Искремас задыхался и тряс кулаками перед носом офицера. Вахмистр потянулся было за своим карабином, но штабс-капитан нажал ему на плечо, и он остался сидеть на месте.
— А при чем тут я? — поинтересовался штабс-капитан.
— Вы хуже его! Он тупая скотина, он идет, куда его гонят!.. А у вас была свобода выбора! И вы выбрали… Вы интеллигентный негодяй — самое подлое, что может быть на свете!..
Тут к Искремасу кинулась Крыся. Она упала на колени и, цепко обхватив его, закричала:
— Дядечка! Миленький! Не ругайтесь с ними! Они вас убьють!
И сразу же, как будто вторя Крысе, за окном в саду запричитала вдова художника: видно, нашла под яблоней своего мужа.
— Ой, родненький, ой, золотенький!.. Ой, что ж ты натворил!.. Ой, куда ж я теперь без тебя!..
Схватив Крысю за шиворот, вахмистр доволок ее по полу и вышвырнул из комнаты.
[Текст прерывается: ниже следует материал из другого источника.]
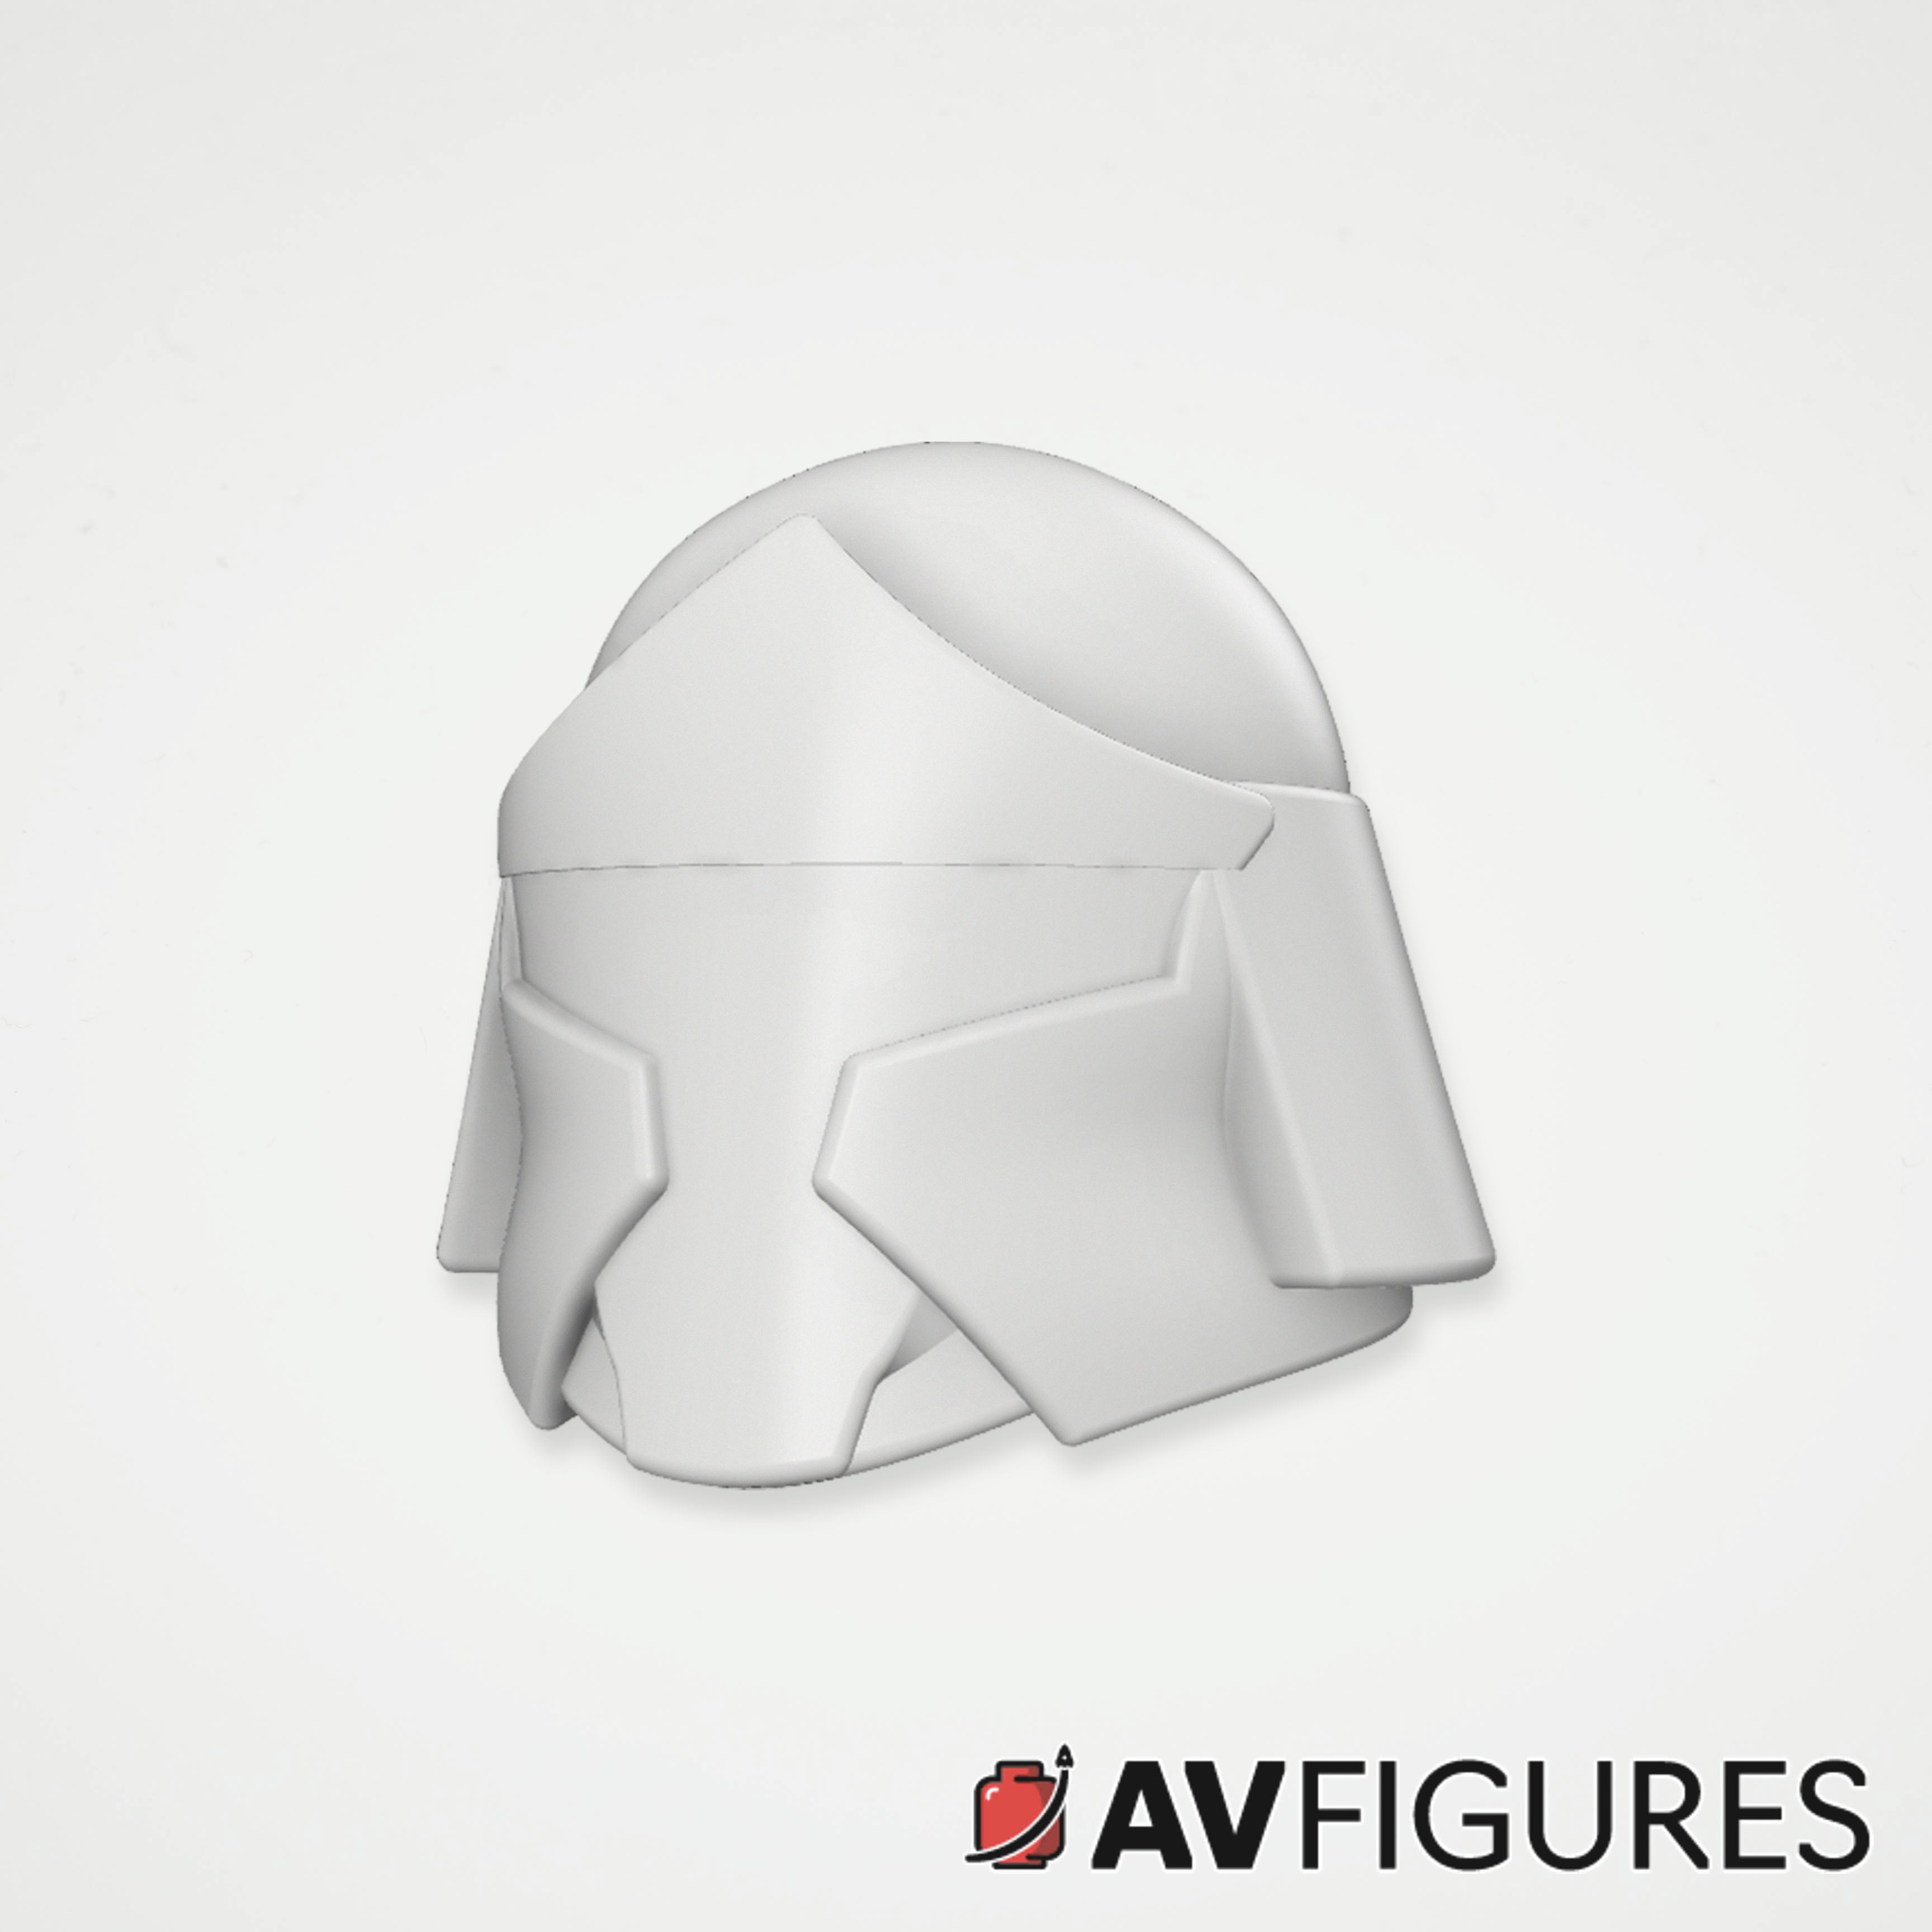 Bartok Bacara 3D Printed Helmet

А штабс-капитан сказал Искремасу сдавленным голосом:
— Так, так… Ну, поговорите еще.
— Что ты на меня оскалился? — заорал артист: — Я тебя не боюсь! Я тебя ненавижу!.. Что, убьешь меня? Это ты умеешь. Убей меня, его убей!..
Он показал на иллюзионщика. Тот в панике замахал руками:
— Меня прошу не путать!.. Моя лояльность не вызывает… А ты с ума сошел! Ты что, не видишь?.. Господин офицер опечален! Он сожалеет!
Но штабс-капитан не сожалел. Заикаясь от лютой злобы, он сказал. Искремасу:
— Ты кончил?.. Тогда слушай, шут гороховый! Ты у меня сыграешь такую роль, какая тебе и не снилась. Не Ромео и не Джульетту… Ты у меня кукушку сыграешь! Знаешь, что такое кукушка?!
На круглом венском стуле лежали револьвер и носовой платок. Стул стоял в углу подвала — просторного и мрачного, с серыми сводами. В трех других углах на трех таких же стульях сидели три офицера. Глаза у каждого были завязаны, каждый держал в руке револьвер.
В центре подвала стоял Искремас, поникший и растерянный..
— Ты кукушка, а мы охотники, — втолковывал ему штабс-капитан. — Ты будешь куковать, а мы стрелять на твой голос. У каждого в барабане три патрона. Уцелеешь — твое собачье счастье.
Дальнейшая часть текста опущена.